(CNSNews.com) - Rep. John Murtha (D-Pa.) said Wednesday that he opposes the all-volunteer army and that a military draft, based on a lottery with no deferments, is necessary during wartime.  

Murtha painted a bleak picture of the U.S. military during his address, saying the armed forces are stretched too thin and that the number of new soldiers recruited without having a high school diploma had increased.

“I voted against the all-volunteer army because I didn’t think we could sustain a deployment in wartime without a draft,” Murtha said in a speech at the liberal Center for American Progress on Wednesday. “But we’ve had to lessen our requirements for the people going in and 82 percent now have diplomas.”

When asked if there could be a draft in the future if the military is stretched as thin as he presented, Murtha told CNSNews.com “everybody ought to serve” during wartime.

“Well, we’ll never be able to fight a conventional war where you have two fronts without a draft. You can’t do it – 70 percent of the people in World War II were drafted and 40 percent in Vietnam.

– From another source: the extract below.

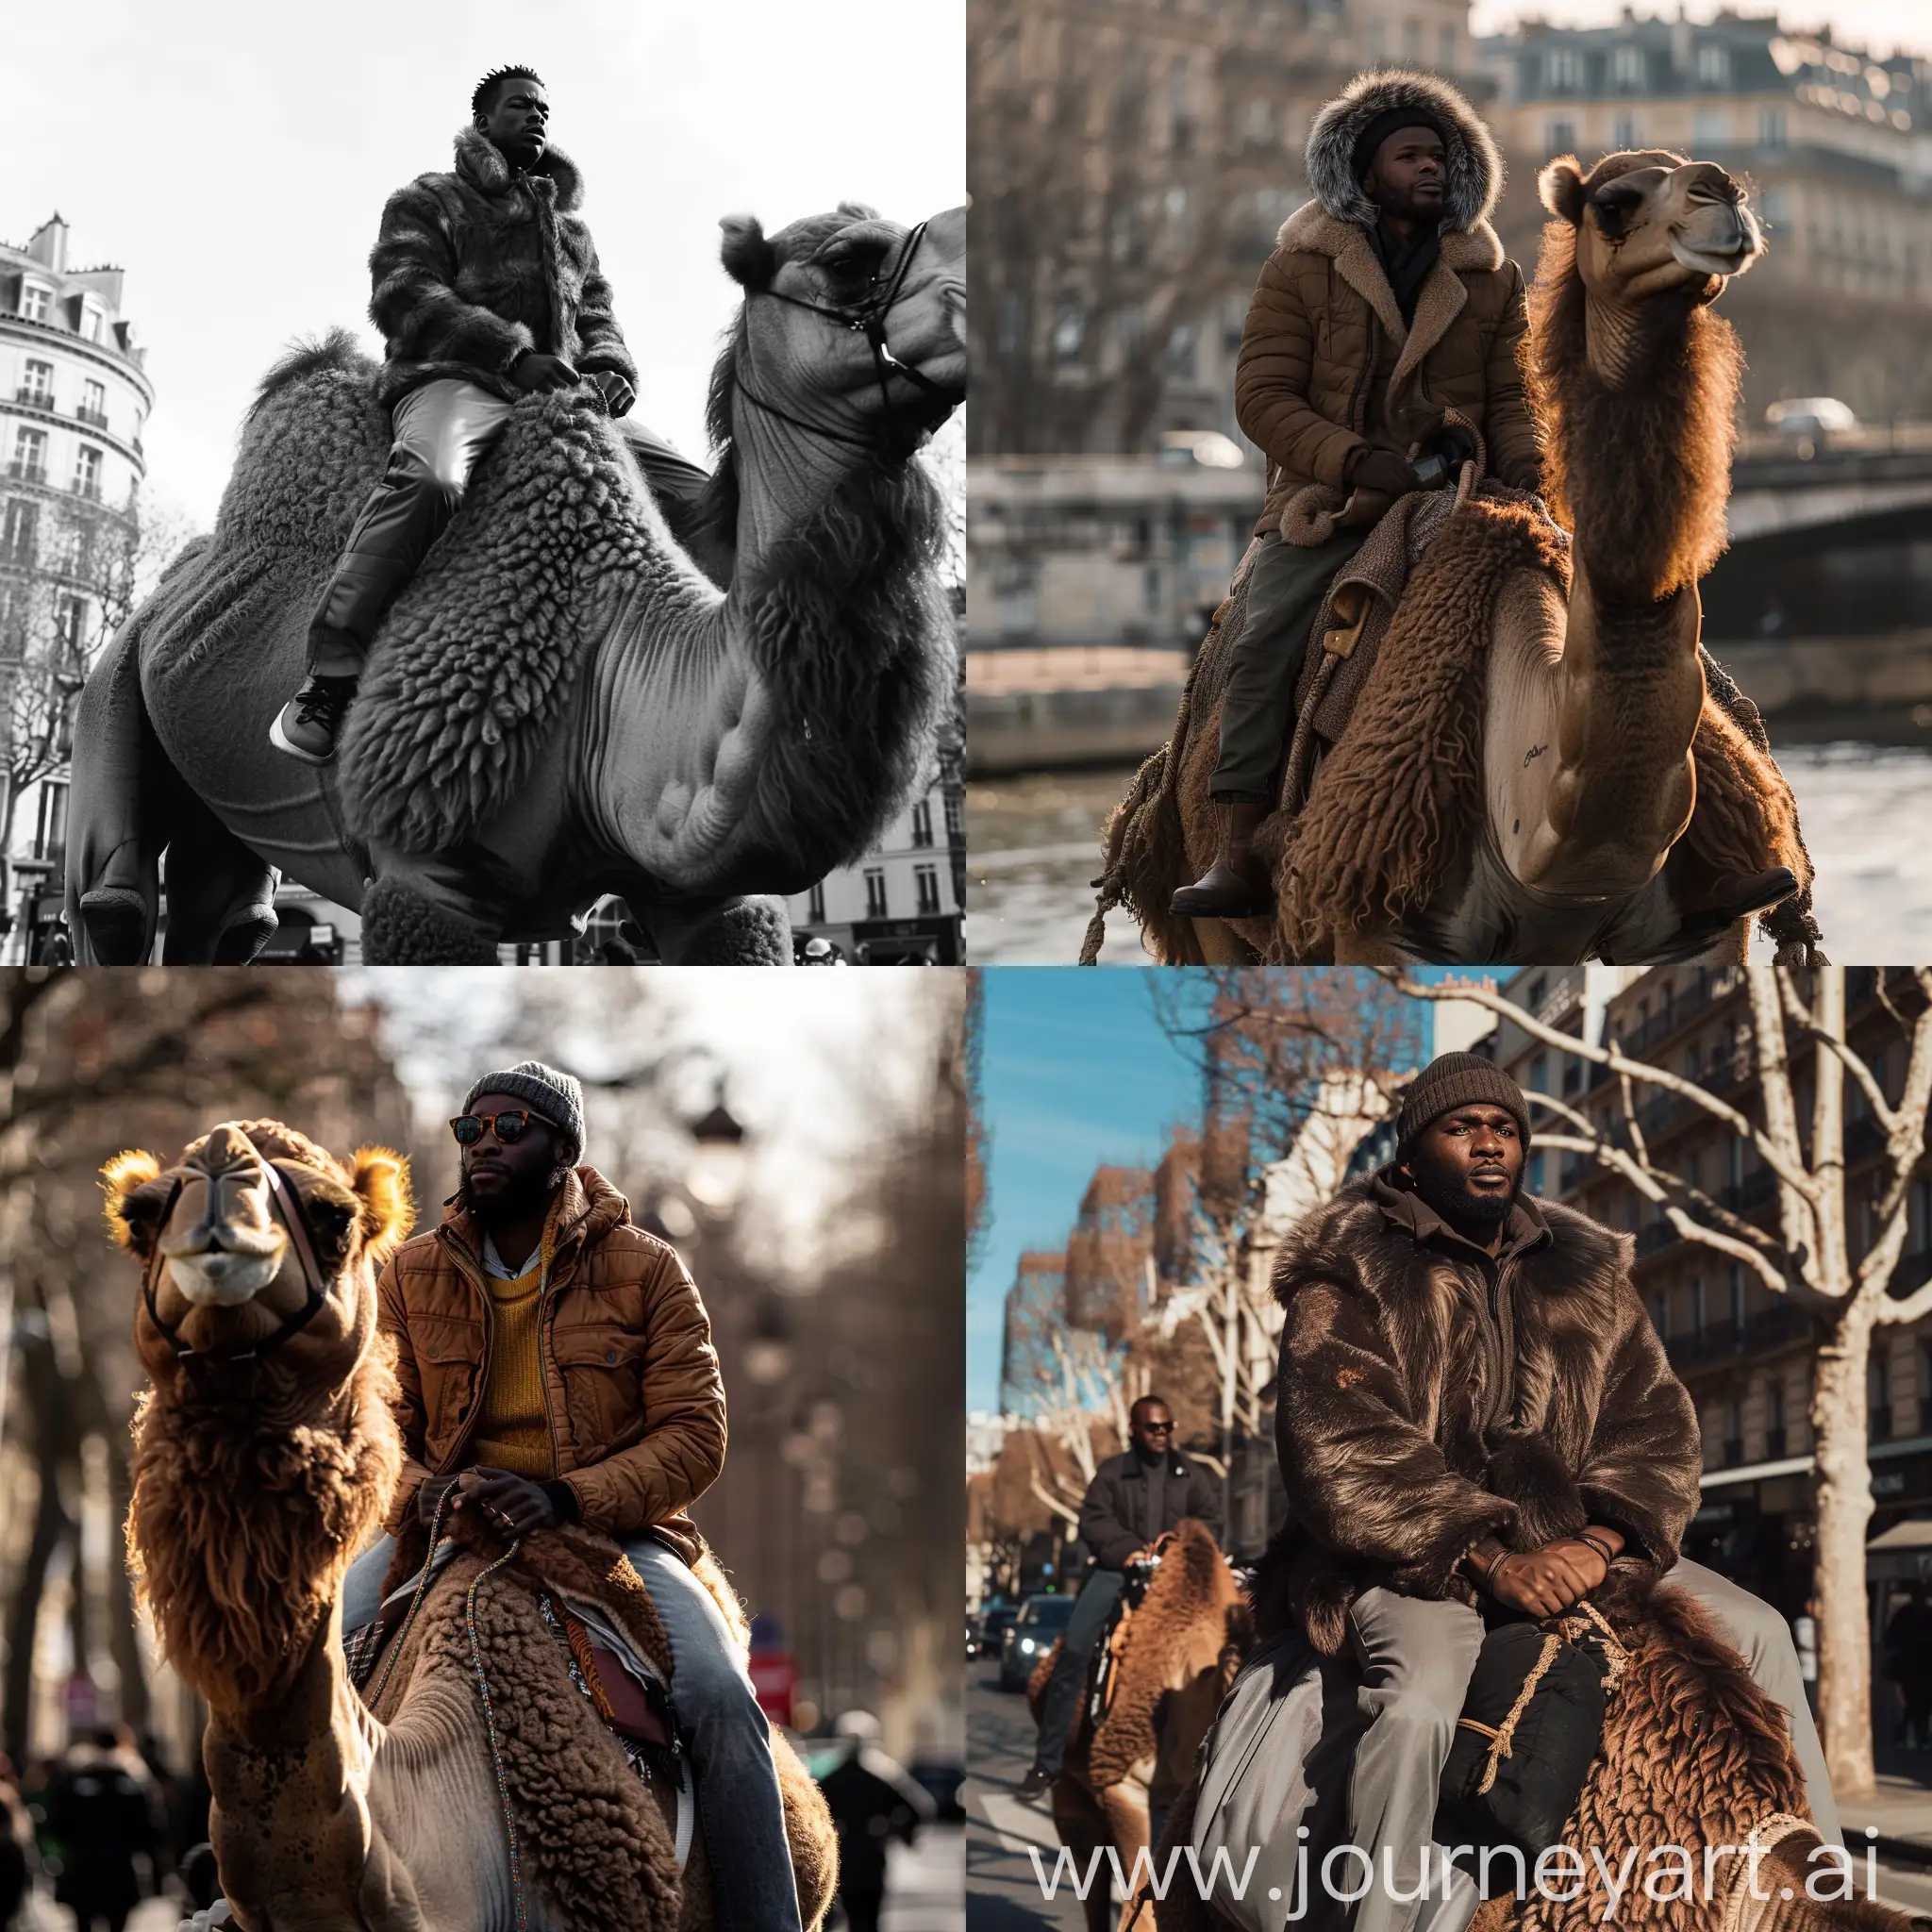 Elon-Mack-Riding-Camel-in-Paris-Captured-on-Canon-R6-Mark-II-with-35mm-Lens

The draftees did fine,” he said. “In peacetime, obviously you don’t necessarily need a draft, but I think in a wartime, everybody ought to serve and I think everybody ought to have the opportunity.”

In the draft during the Vietnam War, many people were exempted from military service through deferments if they were enrolled in college, for example. Murtha said there should be “no exceptions” in a draft today.

“Now, you’re not going to do what we did in World War II where you have 12 million people under arms but you need everybody to feel like they’re part of it,” he said. “So, you do it by lottery and you make no exceptions. And, you remember the big problem we had with the war was there were all kinds of exceptions. Everybody got out of it. Some guys had four or five – what do you call them, exemptions? Four or five deferments.”